# Task instructions
Print each record below precisely, with every picture left out of the copy.

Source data
- - -

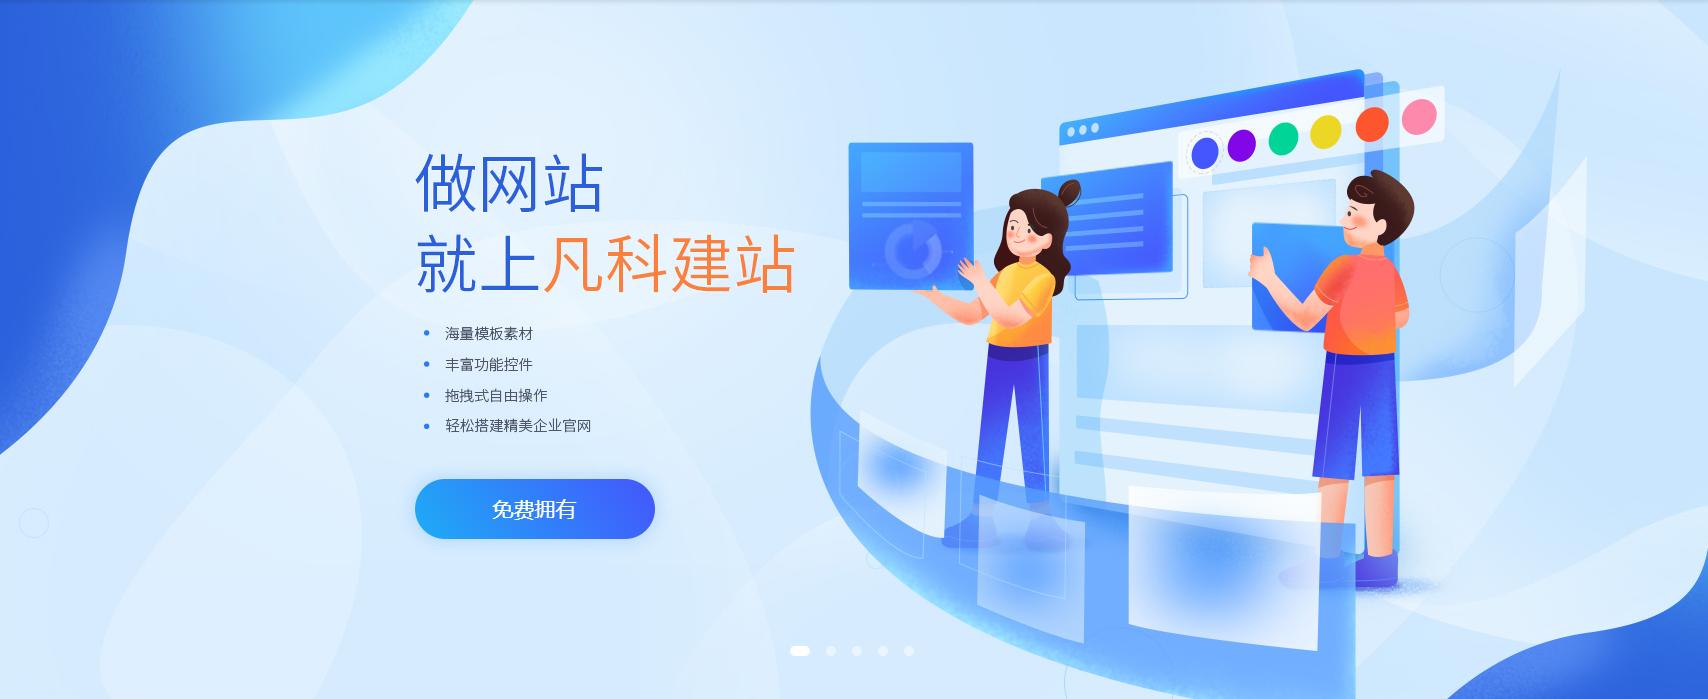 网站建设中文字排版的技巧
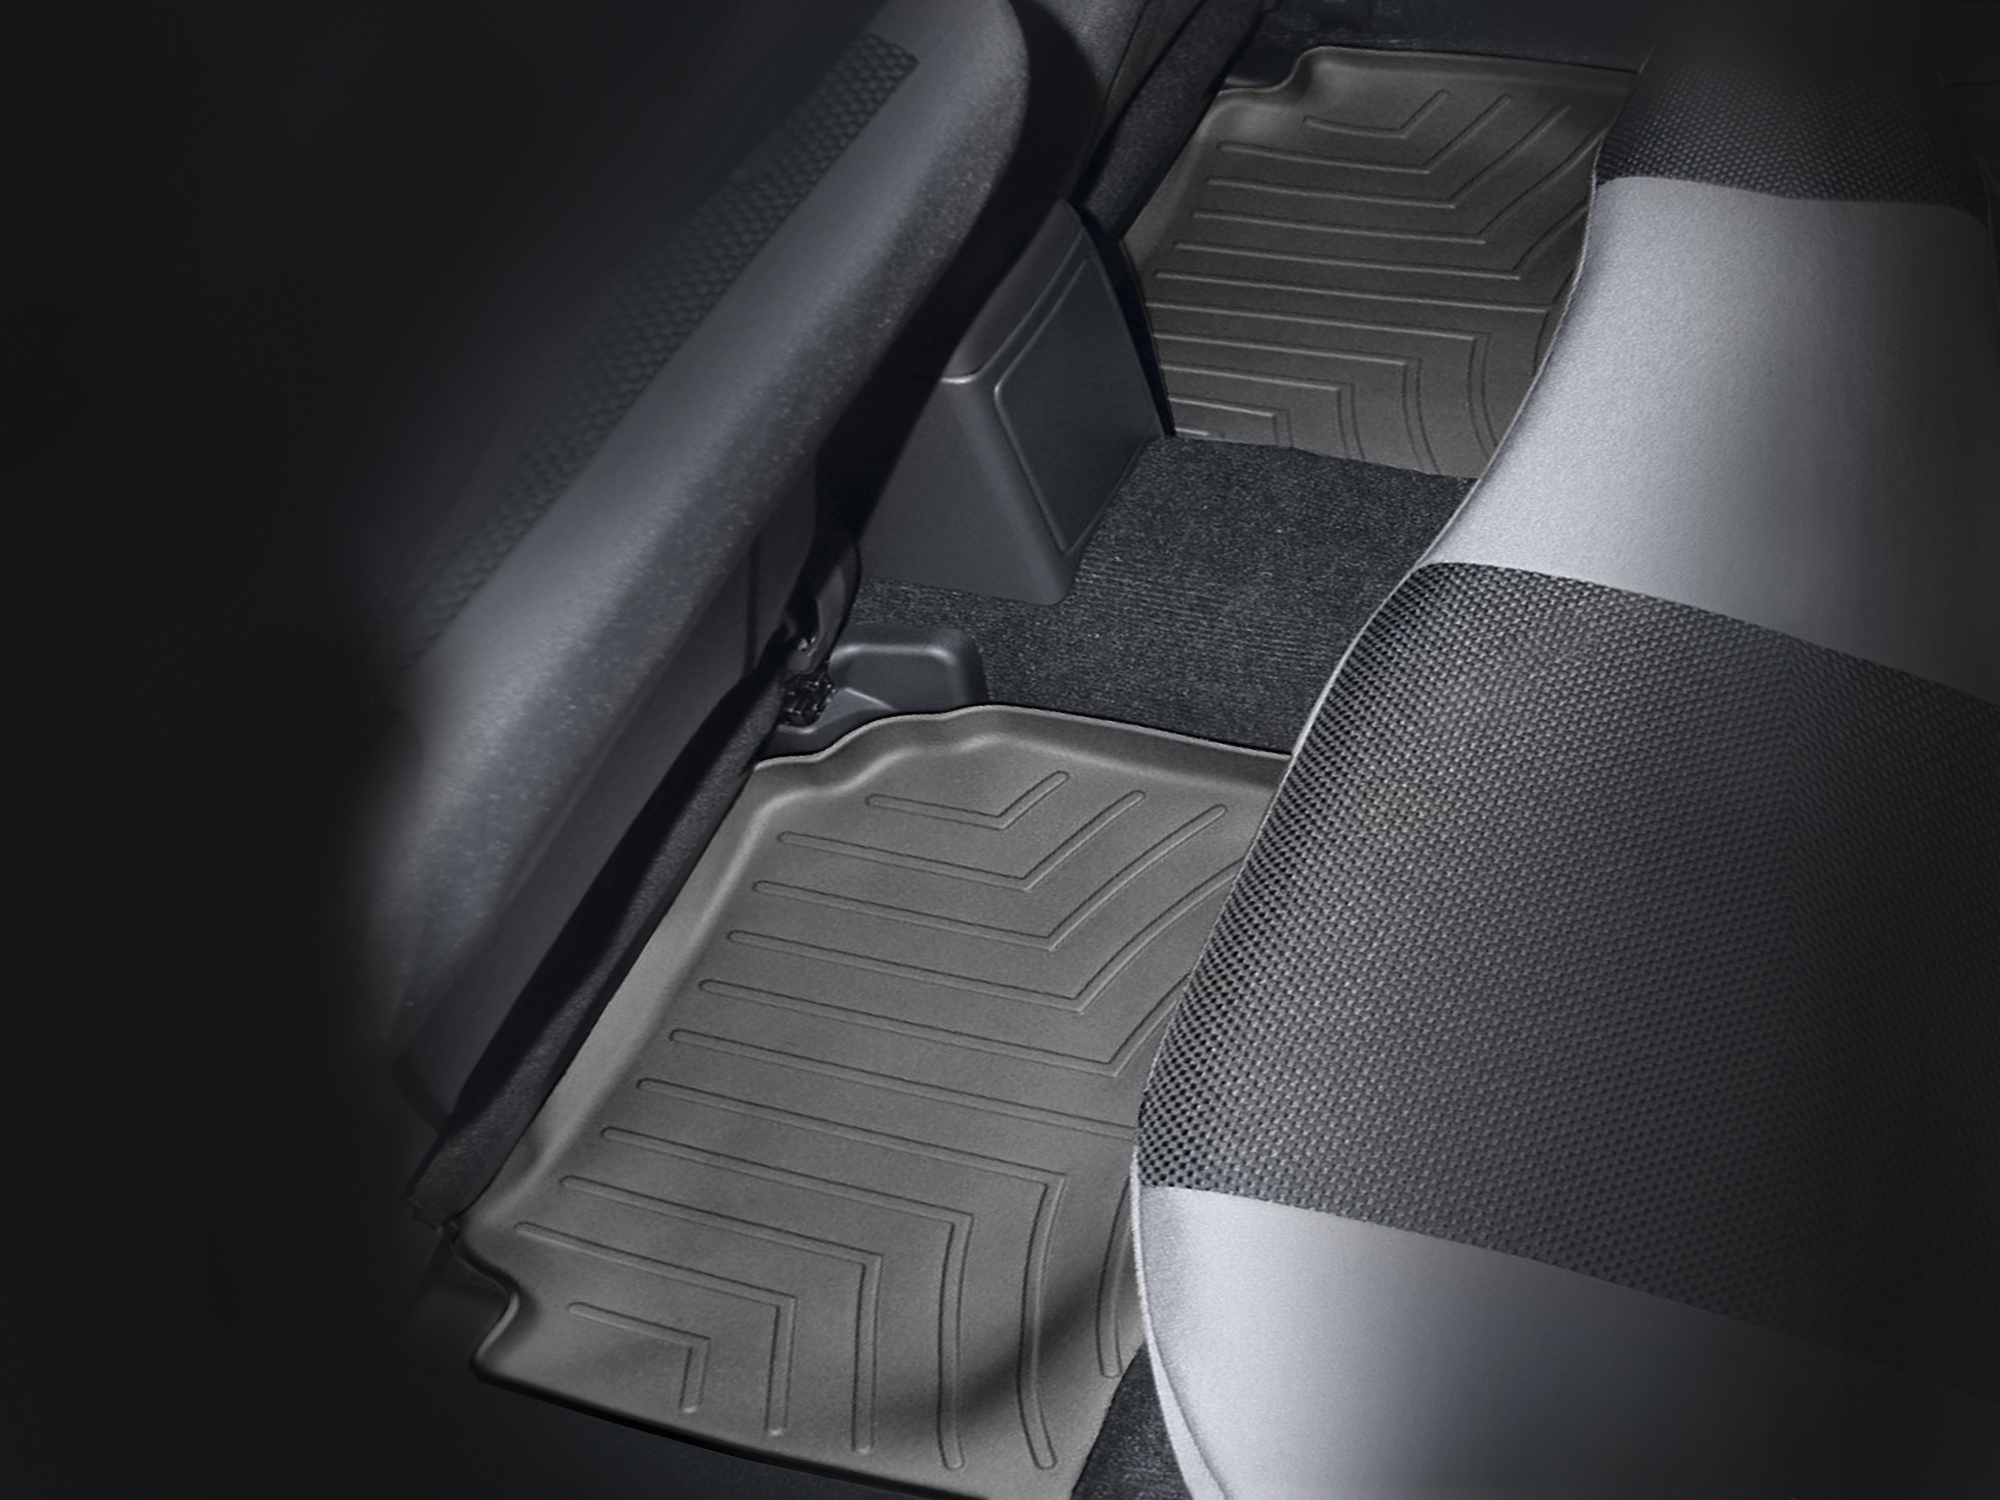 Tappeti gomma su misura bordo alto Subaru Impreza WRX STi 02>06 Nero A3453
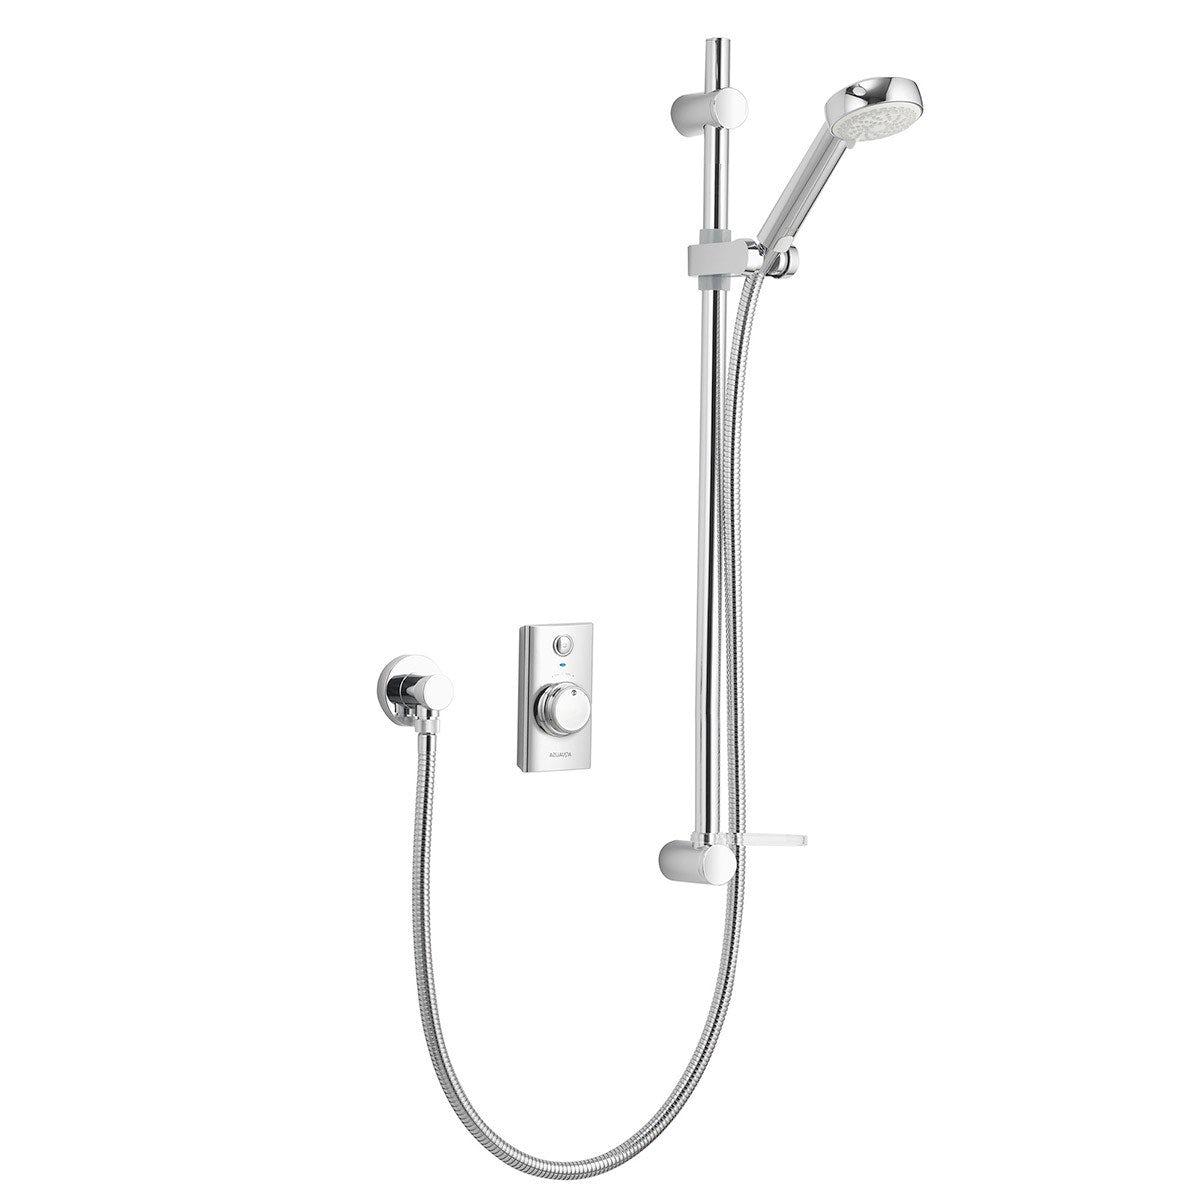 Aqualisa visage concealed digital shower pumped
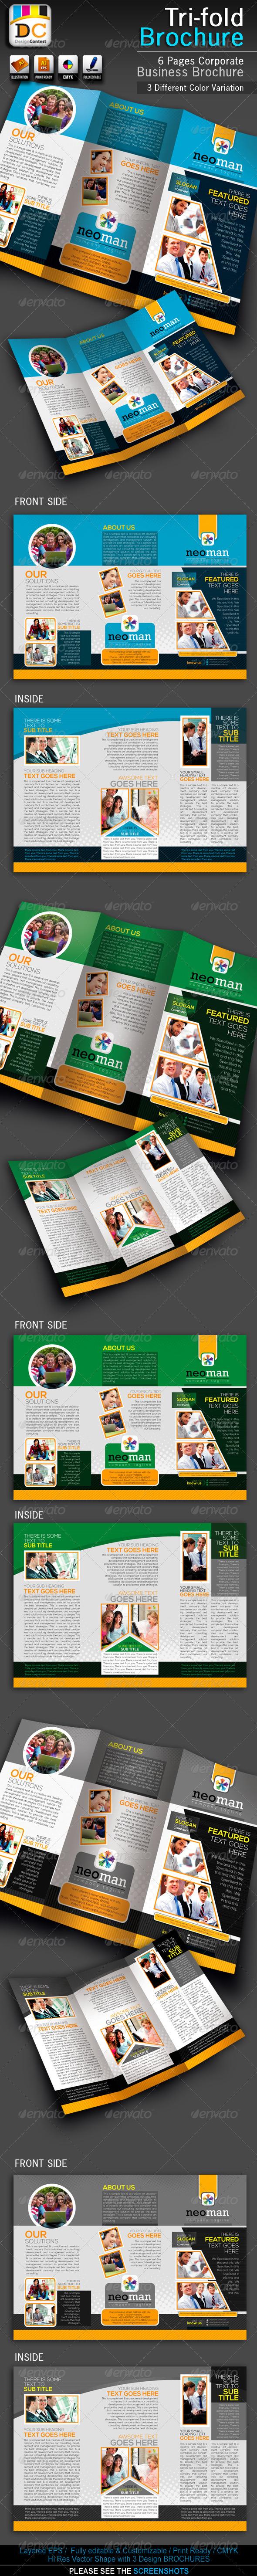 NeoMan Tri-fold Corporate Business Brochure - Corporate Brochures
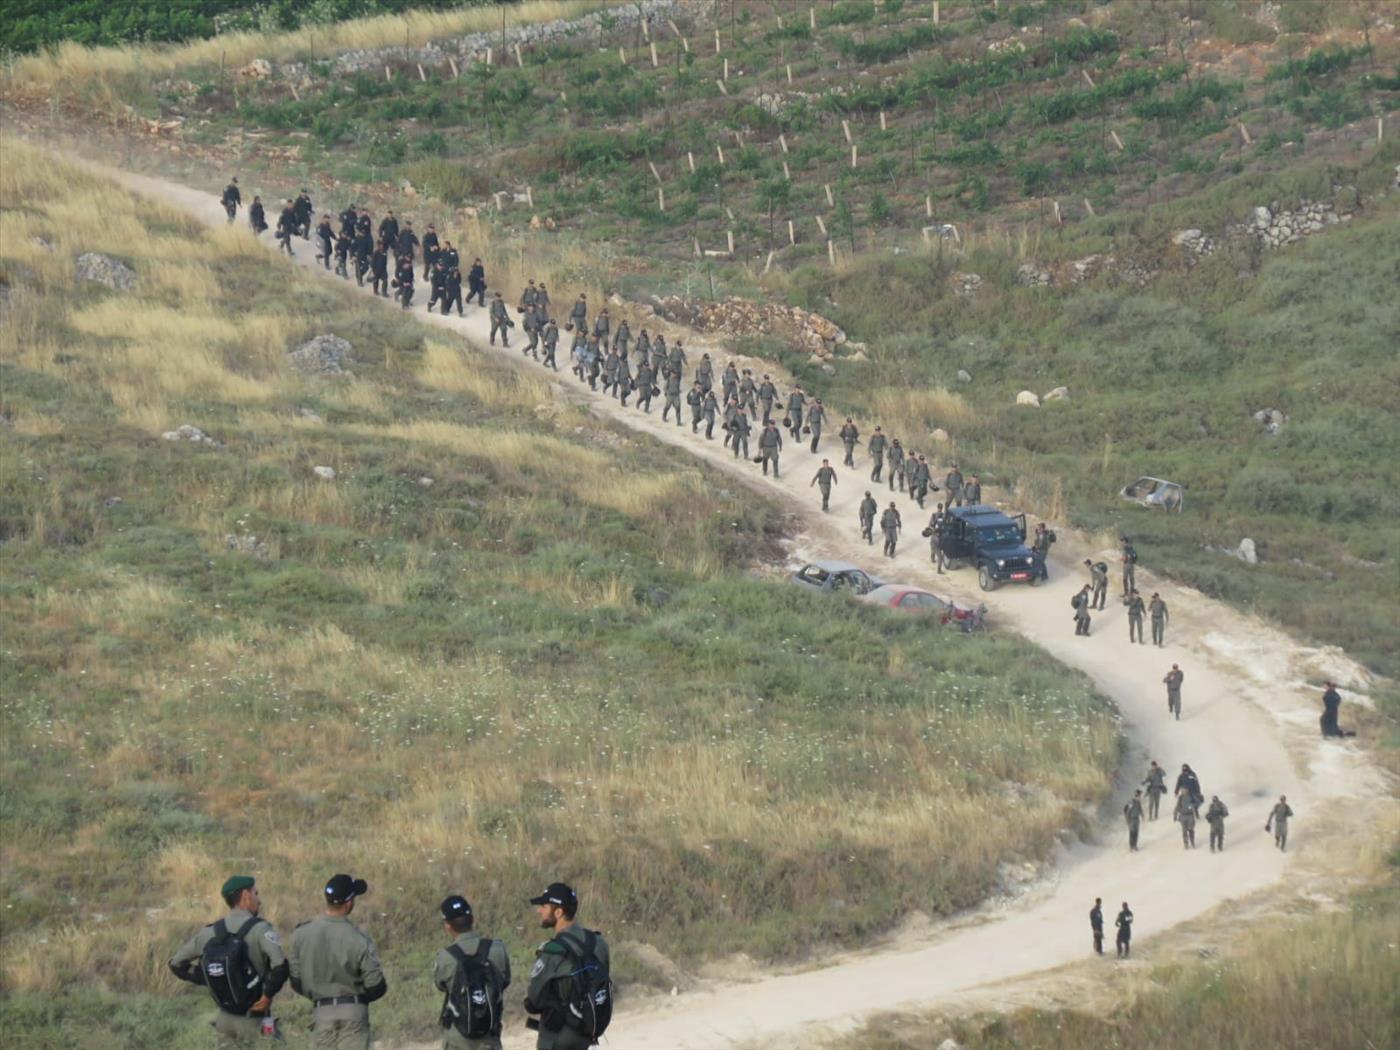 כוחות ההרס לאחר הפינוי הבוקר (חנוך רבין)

- - -

# Solution for this exercise
 网站建设中文字排版的技巧
 Tappeti gomma su misura bordo alto Subaru Impreza WRX STi 02>06 Nero A3453
 Aqualisa visage concealed digital shower pumped
 NeoMan Tri-fold Corporate Business Brochure - Corporate Brochures
 כוחות ההרס לאחר הפינוי הבוקר (חנוך רבין)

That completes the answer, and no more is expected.